* _GIVEN DATA_:
'''
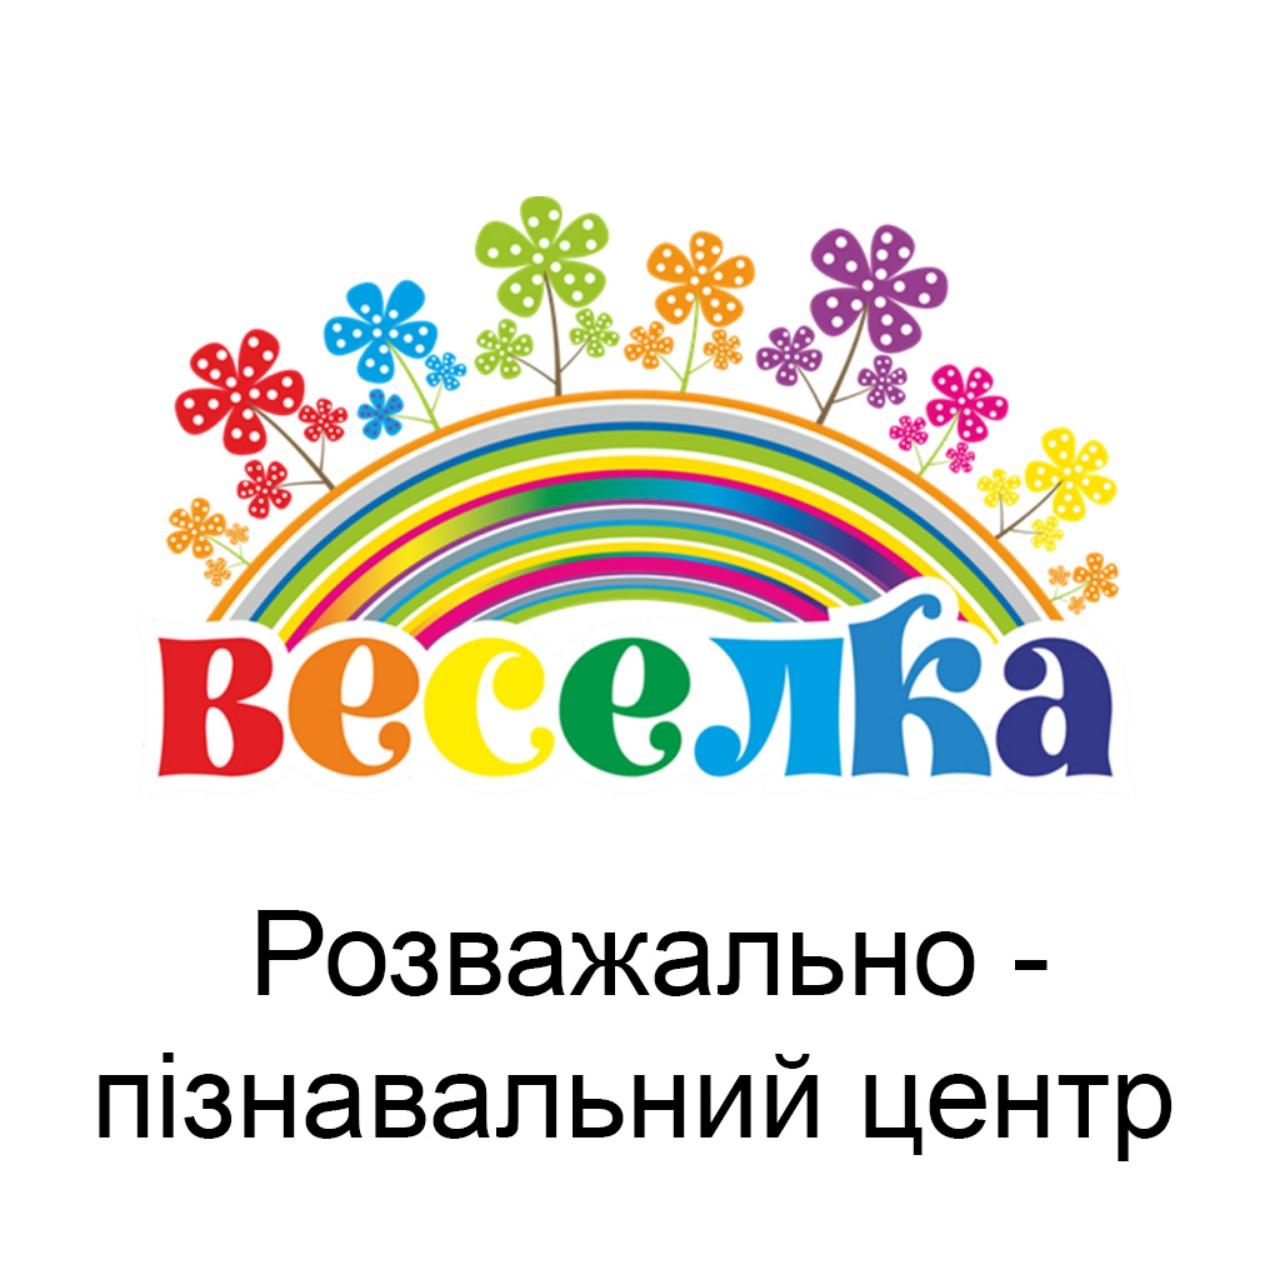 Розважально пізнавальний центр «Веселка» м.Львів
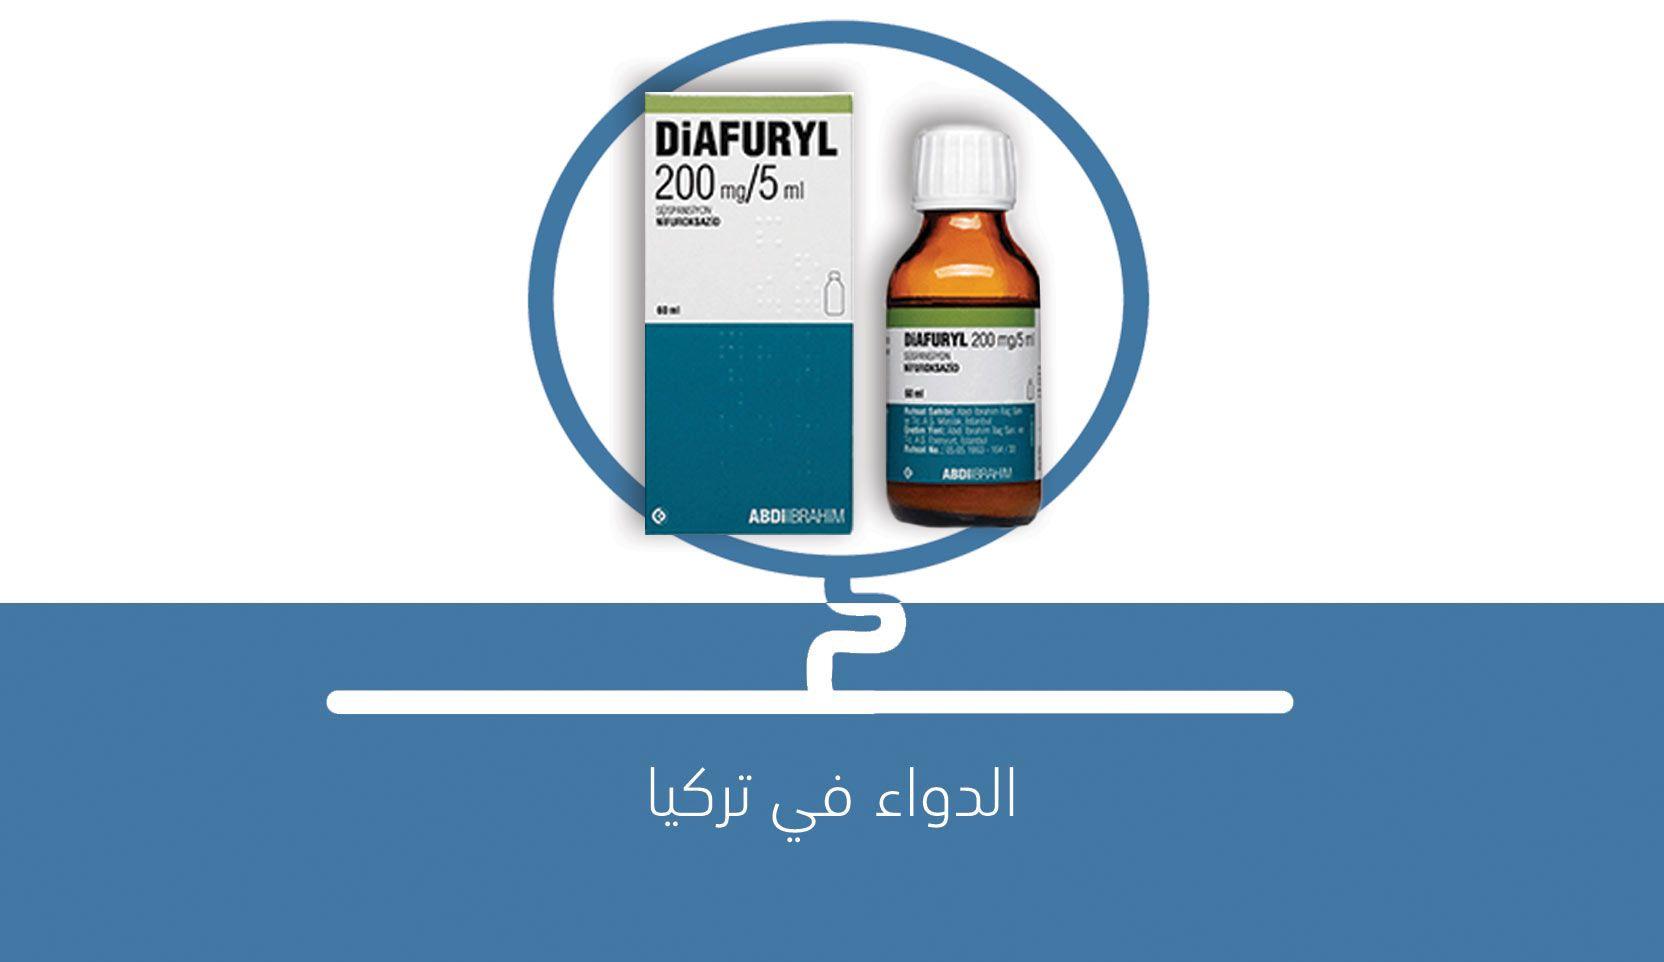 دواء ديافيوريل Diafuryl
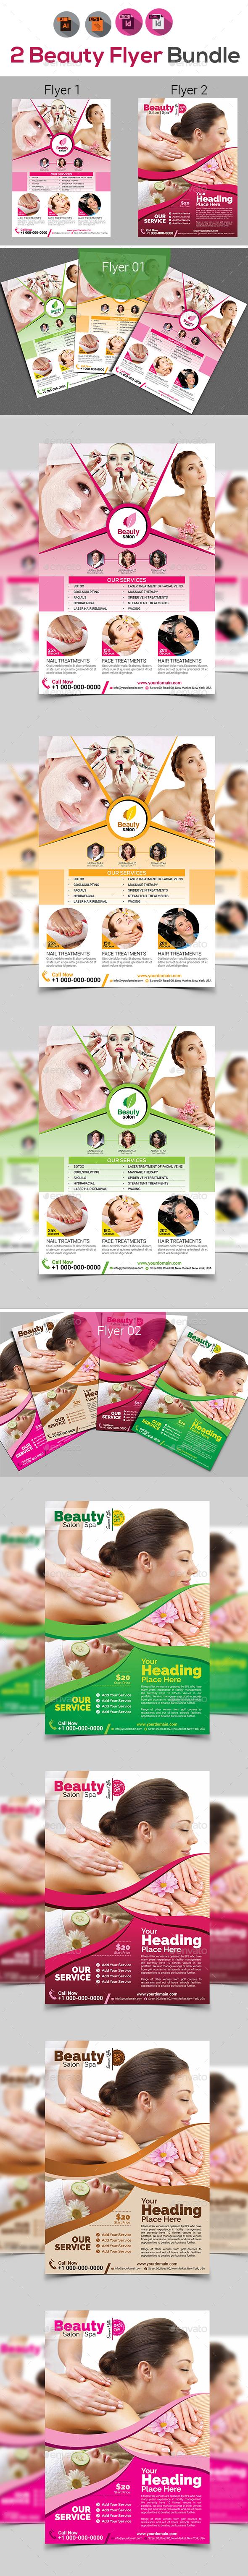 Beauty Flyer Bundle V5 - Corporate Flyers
'''
* _TASK TO COMPLETE_:
Before copying the data, remove the pictures. Then repeat the rest exactly.

* _EXERCISE OUTPUT_:
 Розважально пізнавальний центр «Веселка» м.Львів
 دواء ديافيوريل Diafuryl
 Beauty Flyer Bundle V5 - Corporate Flyers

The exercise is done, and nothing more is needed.